### Given data
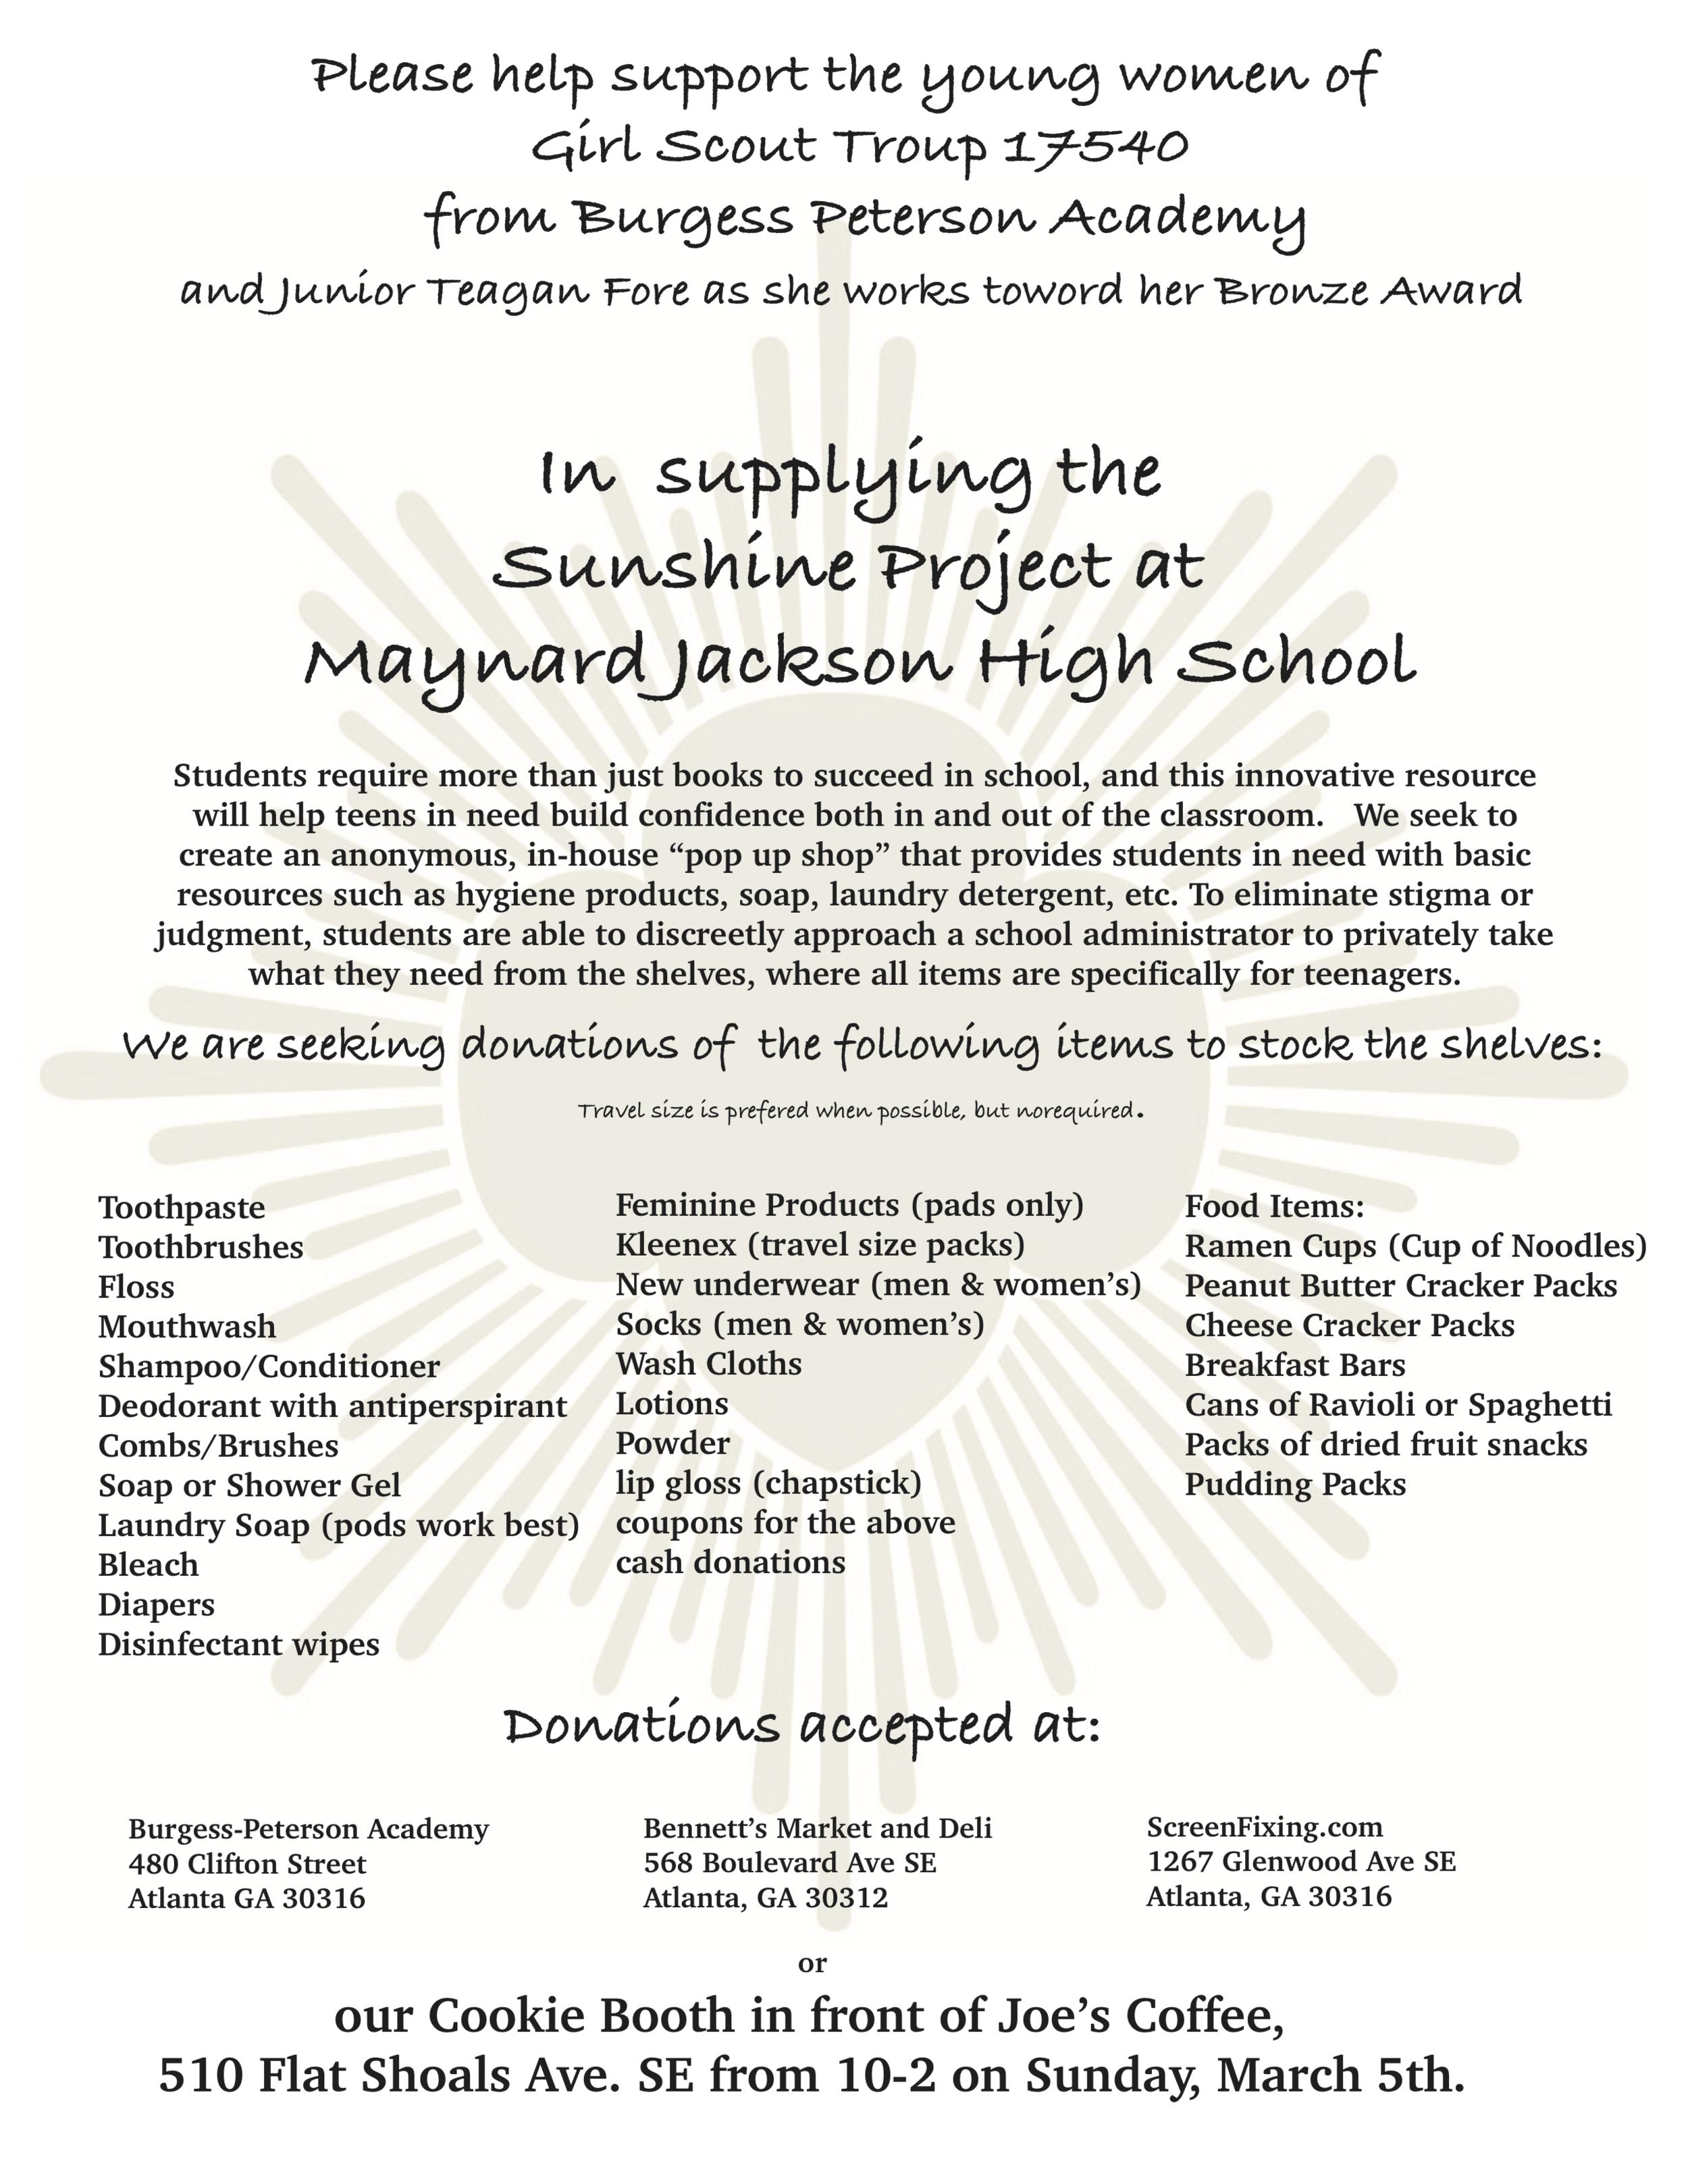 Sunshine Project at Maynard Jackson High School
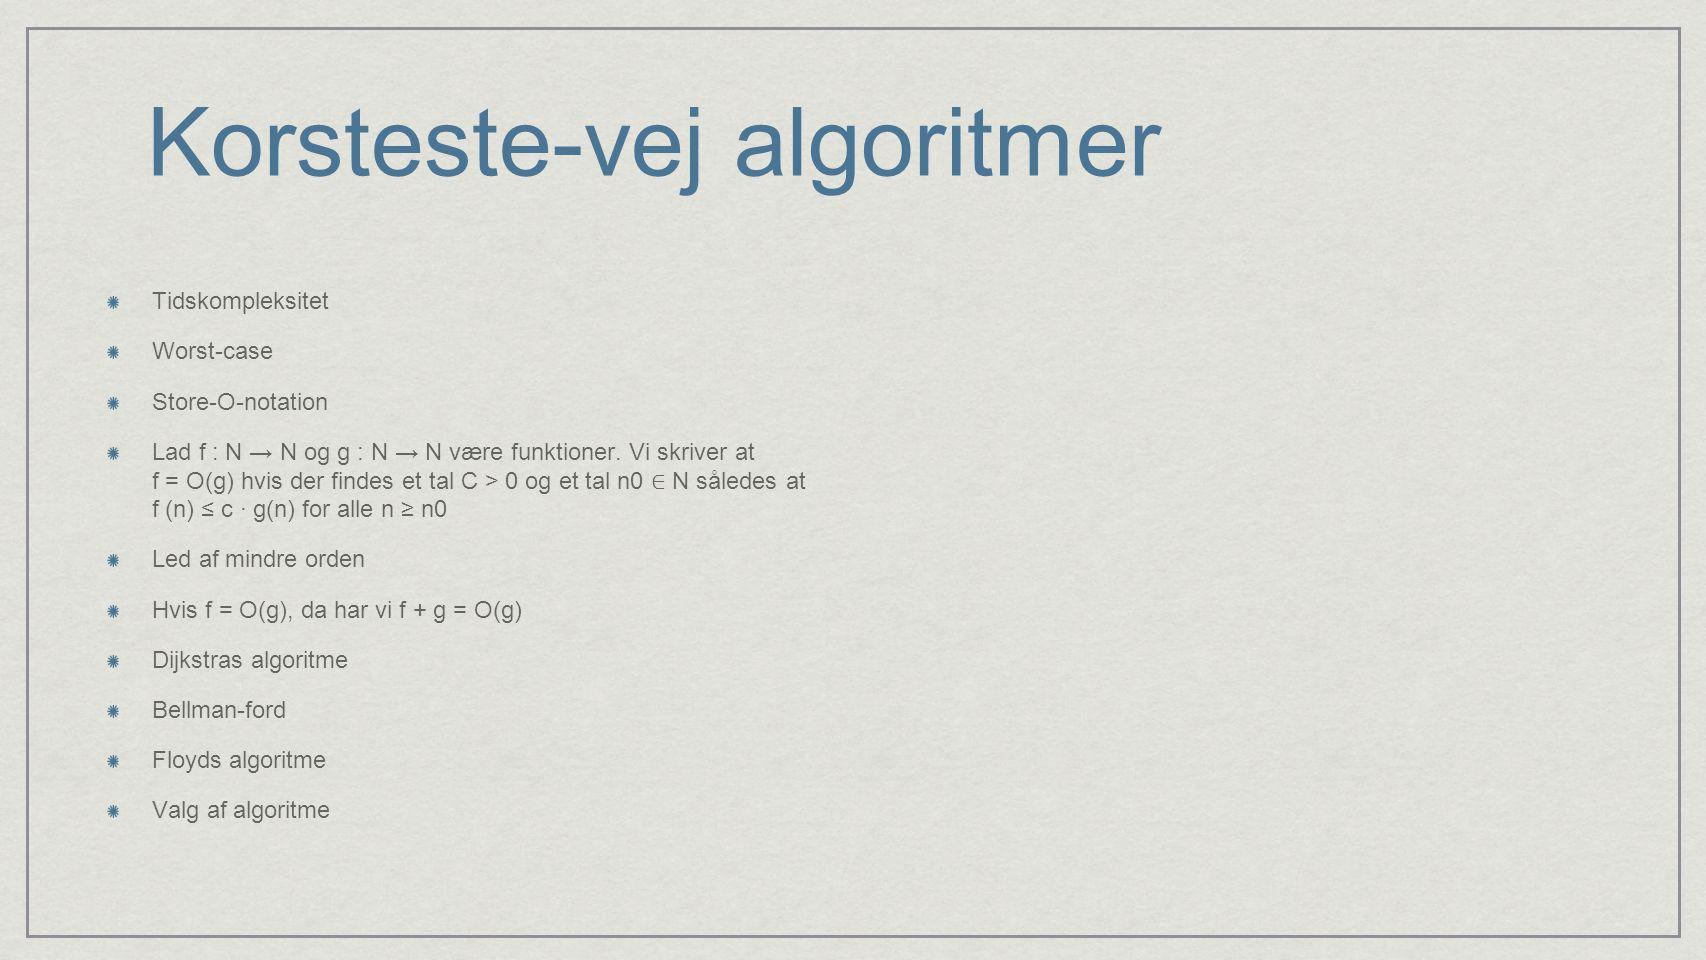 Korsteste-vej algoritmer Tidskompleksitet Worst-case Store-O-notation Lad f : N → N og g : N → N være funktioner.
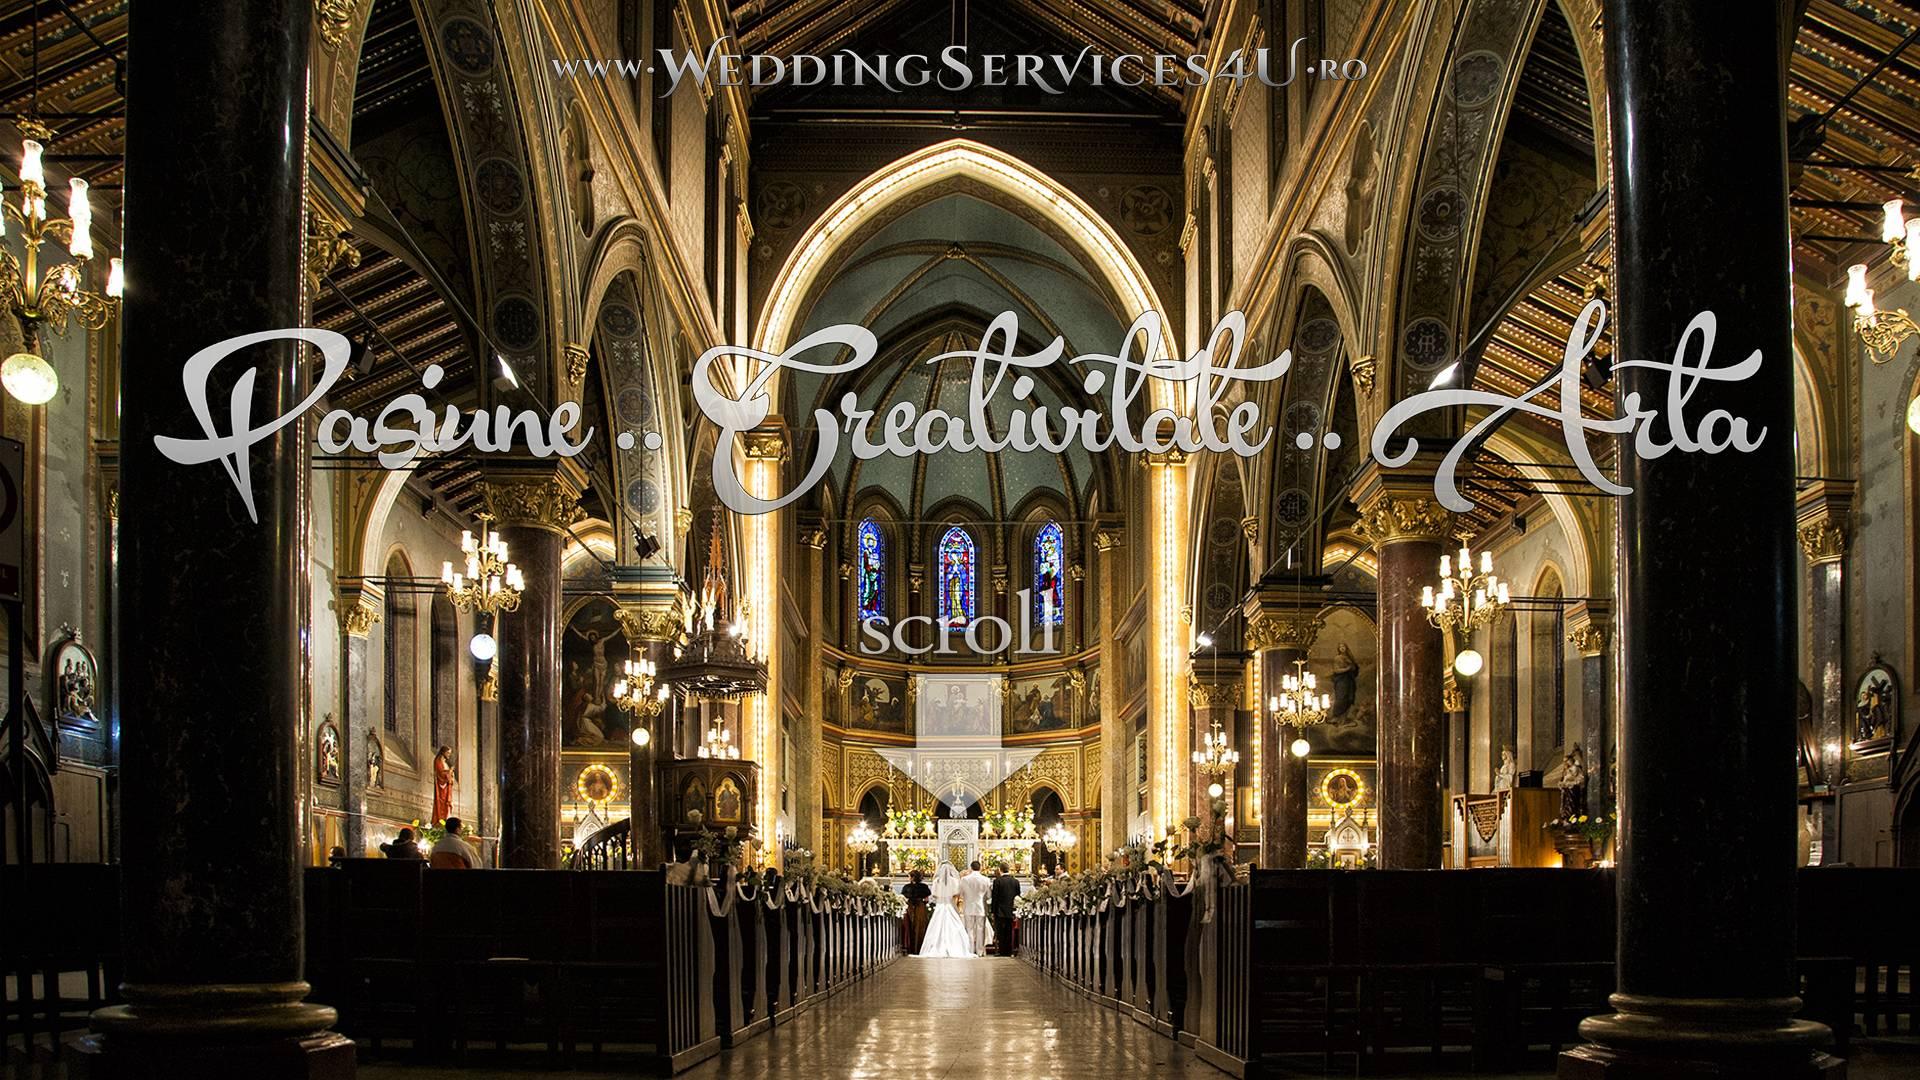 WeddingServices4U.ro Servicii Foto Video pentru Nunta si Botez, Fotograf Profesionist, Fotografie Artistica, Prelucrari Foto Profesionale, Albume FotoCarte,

### Problem description
When a picture appears in the material, please pass over it while retyping the rest exactly.

### Response to this task
 Sunshine Project at Maynard Jackson High School
 Korsteste-vej algoritmer Tidskompleksitet Worst-case Store-O-notation Lad f : N → N og g : N → N være funktioner.
 WeddingServices4U.ro Servicii Foto Video pentru Nunta si Botez, Fotograf Profesionist, Fotografie Artistica, Prelucrari Foto Profesionale, Albume FotoCarte,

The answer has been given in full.